A multi-stage stochastic dispatching method for electricity‑hydrogen integrated energy systems driven by model and data
Zhixue Yang,
Zhouyang Ren,
Hui Li,
Zhiyuan Sun,
Jianbing Feng and
Weiyi Xia
Applied Energy, 2024, vol. 371, issue C, No S0306261924010511
Abstract:
To balance the competing interests between economy, security, and computational burden caused by the uncertainty of the electricity‑hydrogen integrated energy systems (EH-IESs), a multi-stage coordinated dispatching framework of “day-ahead deterministic dispatching - online security monitoring - intra-day flexible correction” is proposed.

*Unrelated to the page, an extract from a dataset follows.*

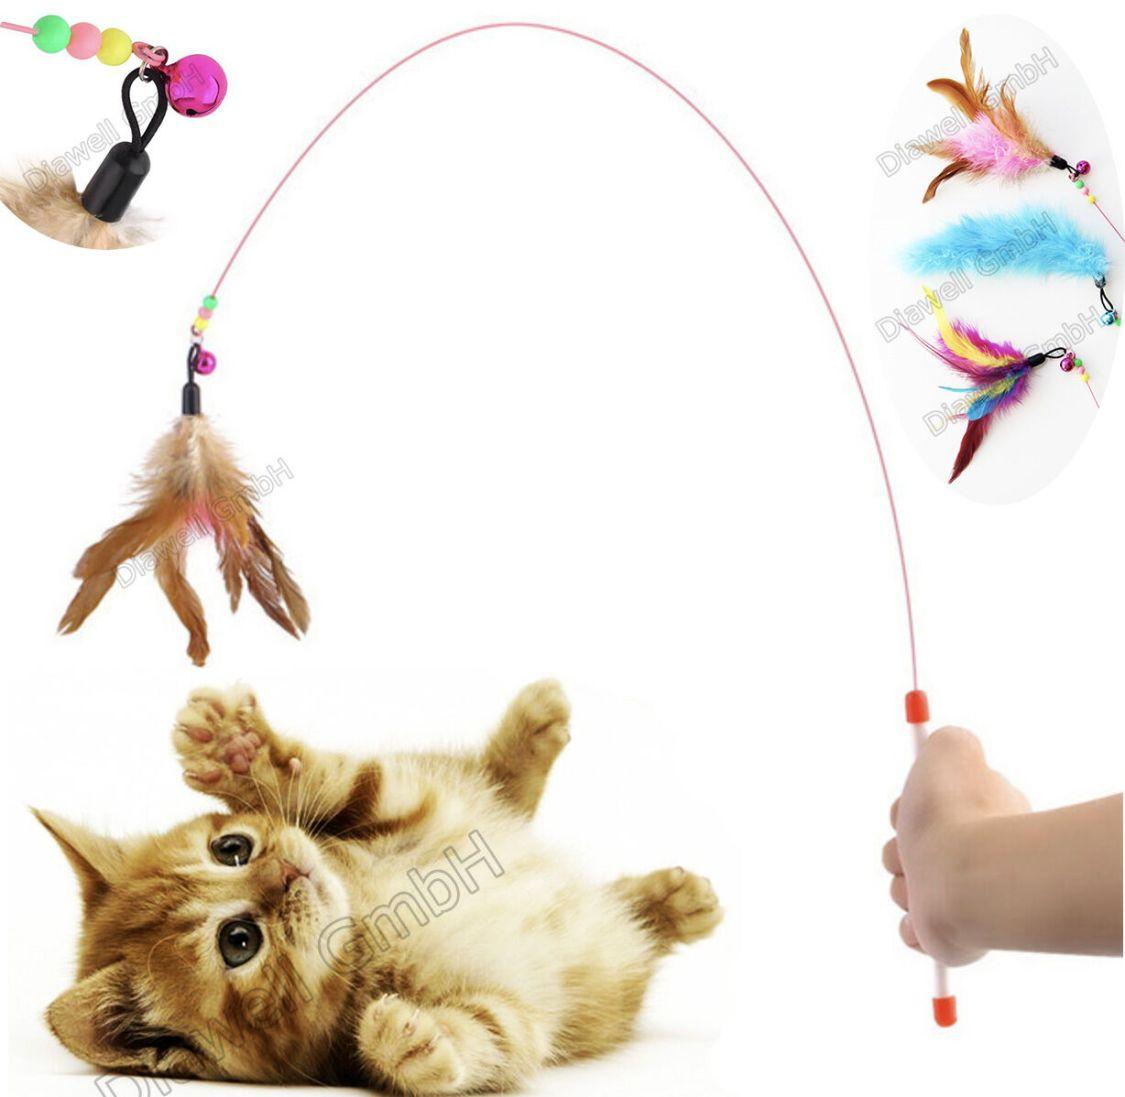 Katzenangel Angel Spielangel für Katzen Katzenspielzeug Katze Spielzeug
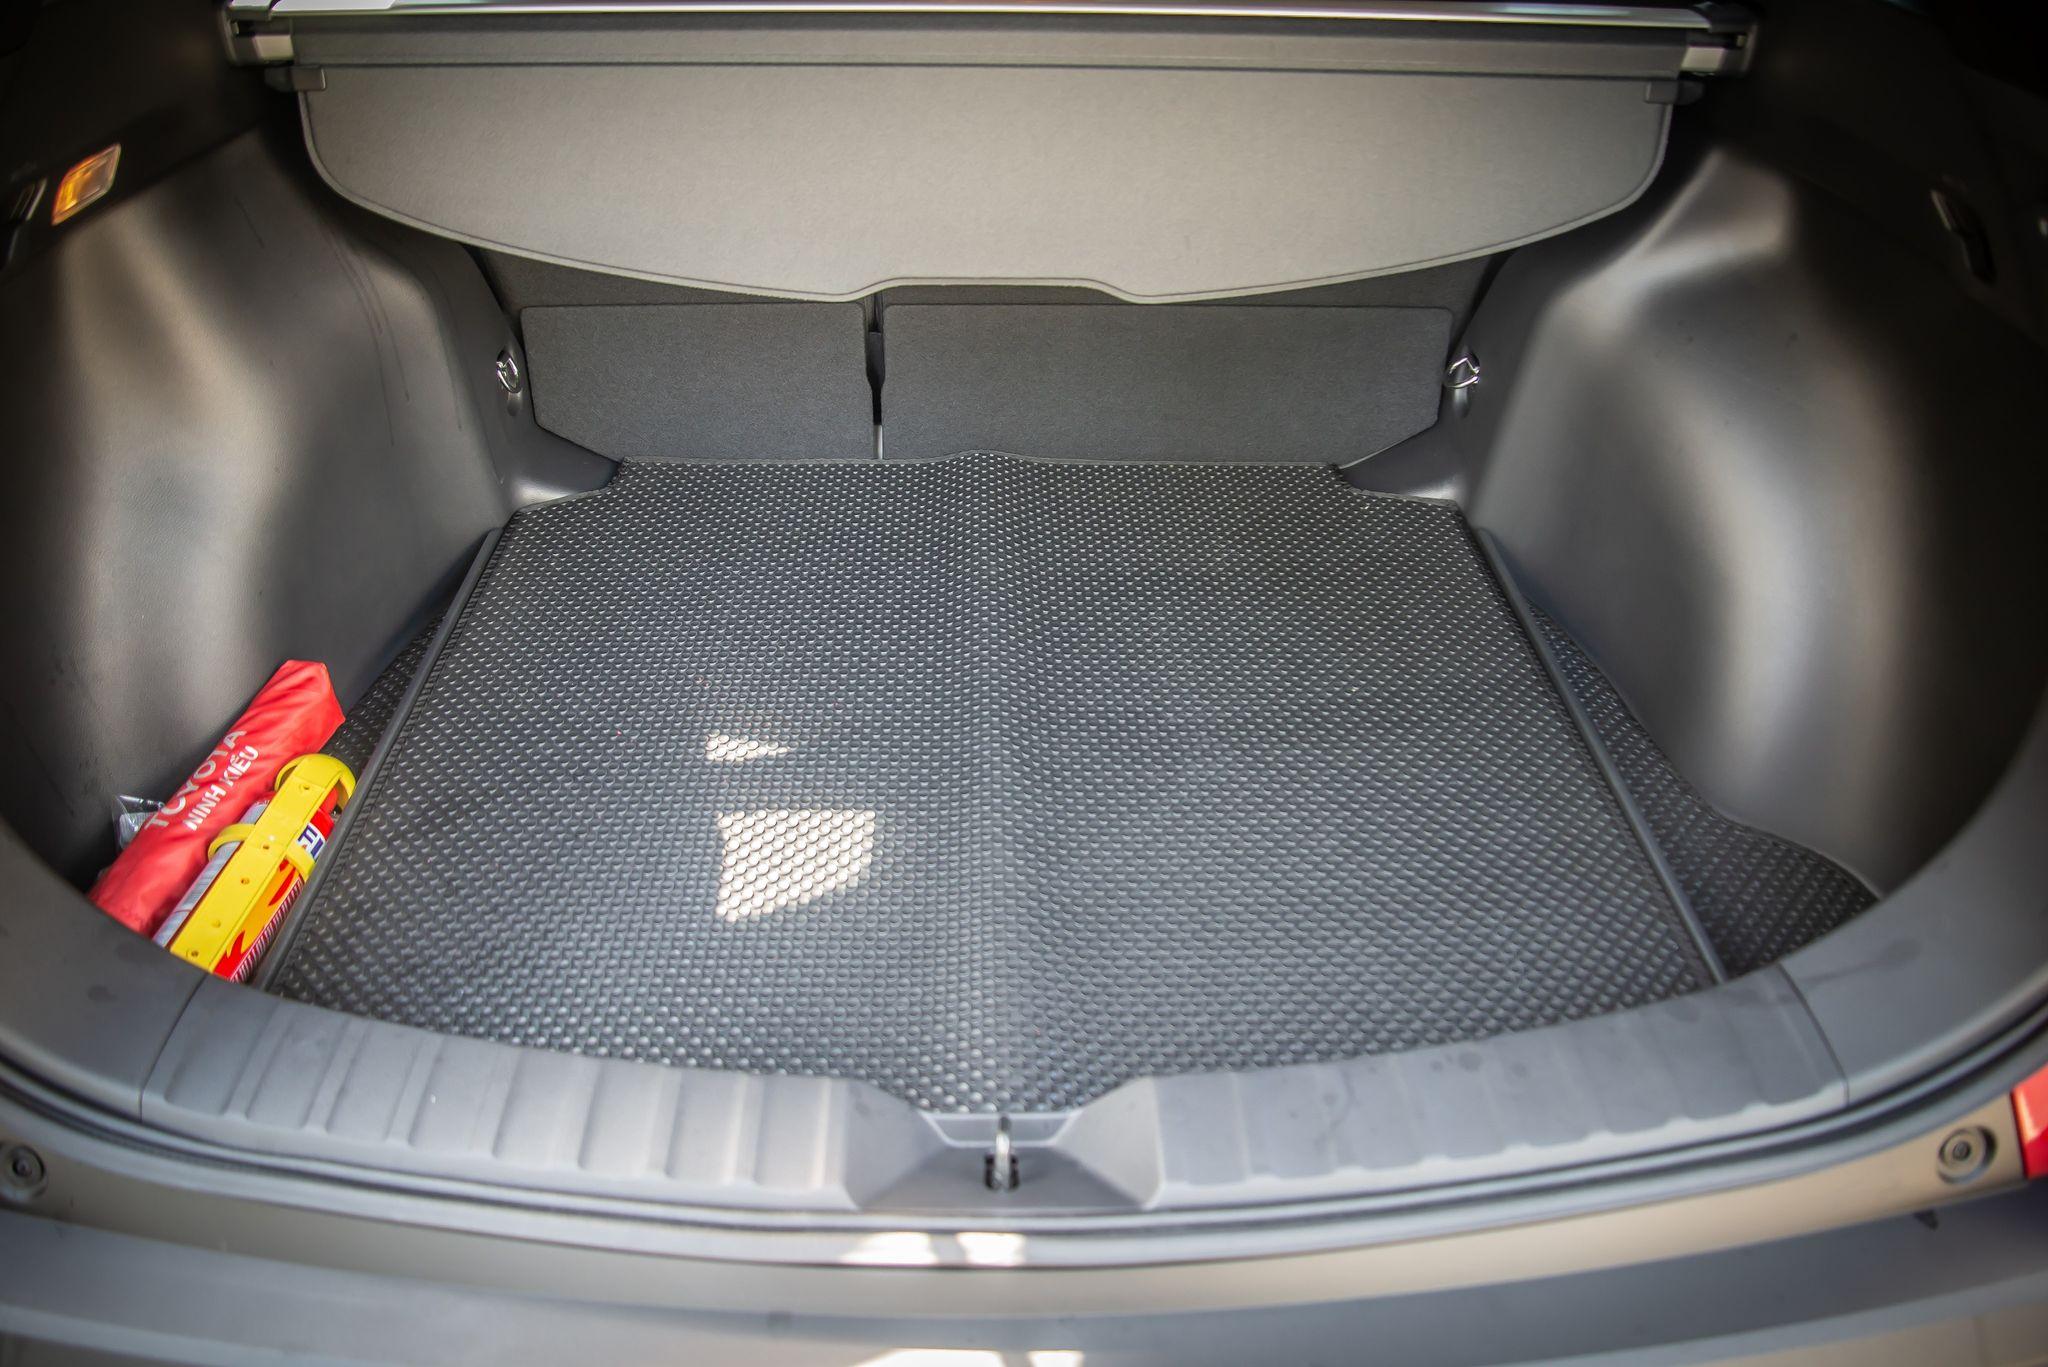 Thảm lót cốp Toyota Corolla Cross 2020

The flexibility of the hydrogen energy system is fully exploited and incorporated into the day-ahead dispatching model. To online monitor the future security of the EH-IESs operation in an uncertain environment, a security monitoring method is proposed by combining deep learning and Monte Carlo simulation. The predetermined dispatching scheme may not ensure the security of system operation due to the uncertain output of renewable energy. Thus, an intra-day correction method based on a chance-constrained model and multi-agent deep reinforcement learning is established to determine the correction scheme. Finally, the numerical experiments based on IEEE 57-bus and IEEE 118-bus test systems validate that the proposed method can not only ensure the security of the system but also reduce the economic cost by about 7% and the computational burden by 99%.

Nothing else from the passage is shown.